Chelston Park, Collymore Rock. Photo by Natasha Vlahakis
Capitalization rates (“cap rates”) and discount rates are used the world over in valuing income yielding assets of any asset class, including stocks, bonds and real estate. The rates are derived by calculating a percentage by dividing net earnings by the transaction value of an asset. International valuation standards require that property valuers must rely on capitalized Net Income or EBITDA as the key approach to value for commercial properties.
In sophisticated property markets such as the USA, many of the property sector giants publish rates for each major city and state, by property category. So in the case of a hotel valuation, for example in New York, the valuer may be able to apply rates published by CBRE or JLL specifically for the lodging industry. Those rates would have been derived from a large sample of actual transactions in the previous few months. Realtyrates.com publishes data on all commercial sectors by major urban area in the USA as do Case Schiller. This approach is “evidence based”
We are not so fortunate in Barbados and the Caribbean. There is little transactional evidence on which to calculate cap rates and discount rates. Whilst transaction data is available, financial statements are often not, thereby making it very difficult for the valuer to conclude what multiple the buyer paid for the property. Barbados’ valuers use a range of contacts to ascertain some of the information. Here are a few examples:
- A Bridgetown office building was sold a year or so ago, with an immediate lease to a major commercial bank for a banking hall and executive offices. The lease specified the rent based on the price the purchaser paid.
- Similarly, a few months ago a condo building with sitting tenants in each unit was sold by a receiver. In both instances a “going in” cap rate could be calculated.
These examples are scarce so valuers tend to use the “build up” method by which risk-free rates of returns are ascertained by reference to government paper and premiums are then added for various types of risk. The types of risk taken into account are:
- Country risk – risk which lenders or investors perceive in the country’s economy – Barbados sovereign debt has been subjected to downgrades by Moody’s and Standard & Poors which leads to a lack of investor confidence.

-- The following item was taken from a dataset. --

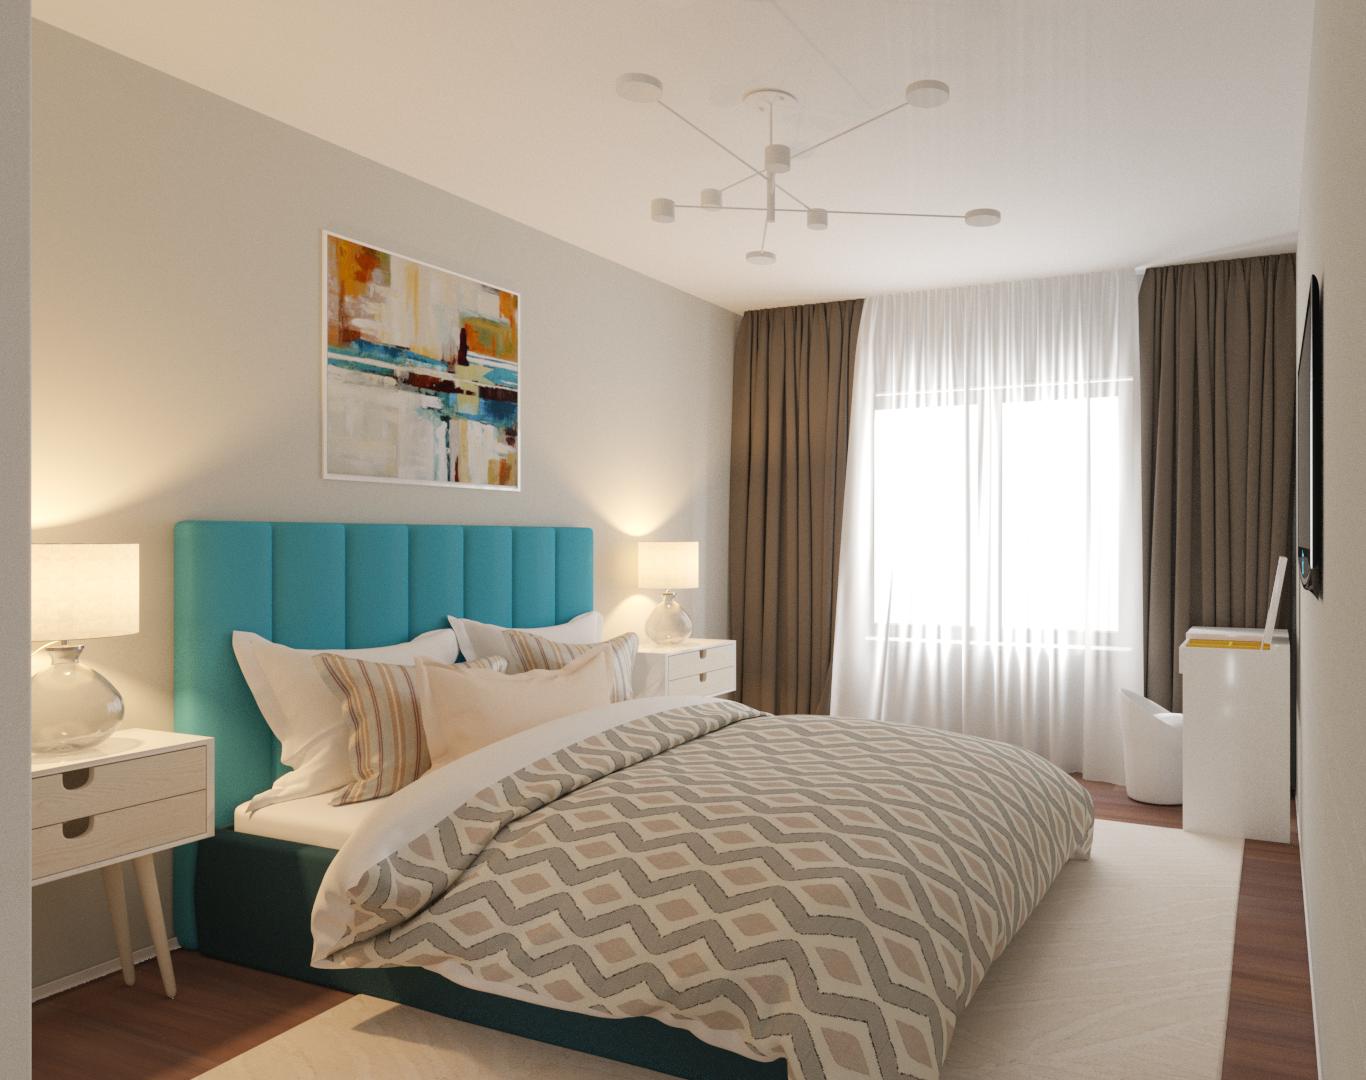 Фото Визуализация спальни в рамках дизайн проекта. Квартира 54 кв.м
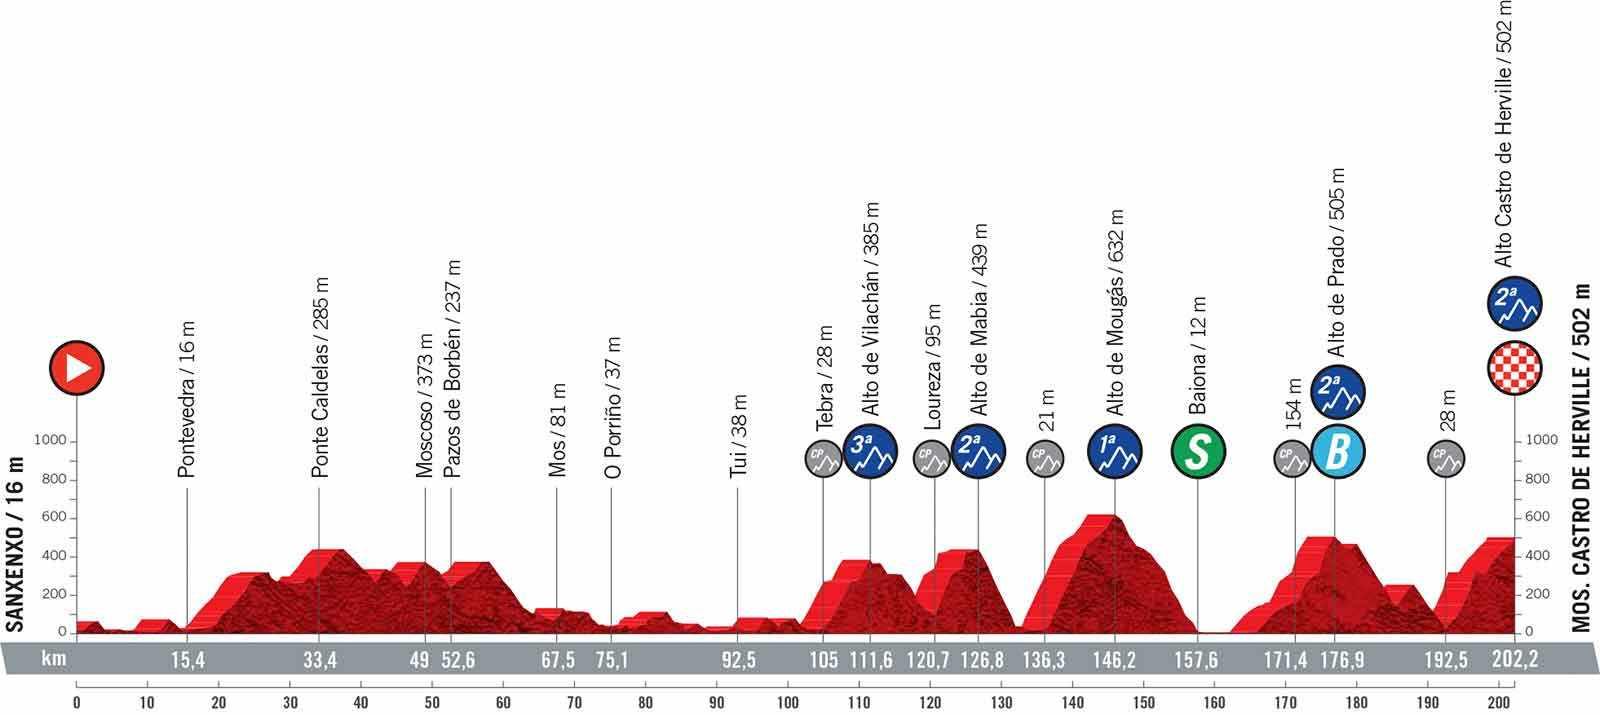 Die weiteren Etappen der Vuelta 2021

- Currency risk – the risk of a currency devaluation – Barbados currency is linked to the US dollar
- Liquidity risk – property is an inherently illiquid asset class as it cannot usually be liquidated quickly
- Property risk – an assessment of the risks associated with the particular property. Is it in a good location? Is it well maintained?
- Credit or tenancy risk – is it well occupied and are the tenants paying their rent on time?. Would it be in high demand if there was some loss of tenants?
- Operational risk – Is the property well-managed and is the operating strategy sound?
Many of these factors come down to sound investigation and valuer judgment and can raise the level of the cap rate/discount rate significantly. In recent years discount rates of 9.5% to 11% have been the norm.
Recent Trends in the Commercial Property Market
In 2015, the Central Bank abolished the minimum savings rate of 2.5% allowing commercial banks to reduce their deposit rates to less than 1%. Some of the saving in their interest cost has been passed on in reduced lending rates. Almost immediately the typical lending rates quoted by the banks reduced from 8% to around 5.5%. The banks have been able to maintain their spreads whilst making rates more attractive for investment. This has a major impact on discount rates and terminal cap rates, both used in Discounted Cash Flow models for ascertaining the “net present value” of a property. Valuers cannot ignore this dynamic.
The second major impact of the abolition of the MSR is that cash rich investors and institutions are finding it increasingly difficult to find “investment grade” yields of anywhere above 2%. So those investors will return to property with mid to high single digit returns. These investment returns cannot be ignored when a valuer makes a careful assessment on cap rates/discount rates
Above all valuers in Barbados need to recognize that, whilst there are conflicting influences on investment rates, there will be a trend towards purchases of real property with income potential, by cash rich investors who will pay higher prices for good yielding properties and consequently cap rates and discount rates must come down. There is also a recognition that commercial property investments yielding 10% simply don’t exist in today’s market, and that borrowing rates in the mid single digits bring financial gearing back into play for the first time for a decade. The result of the reality is that we expect rates to come down to ranges of 8% to 9%.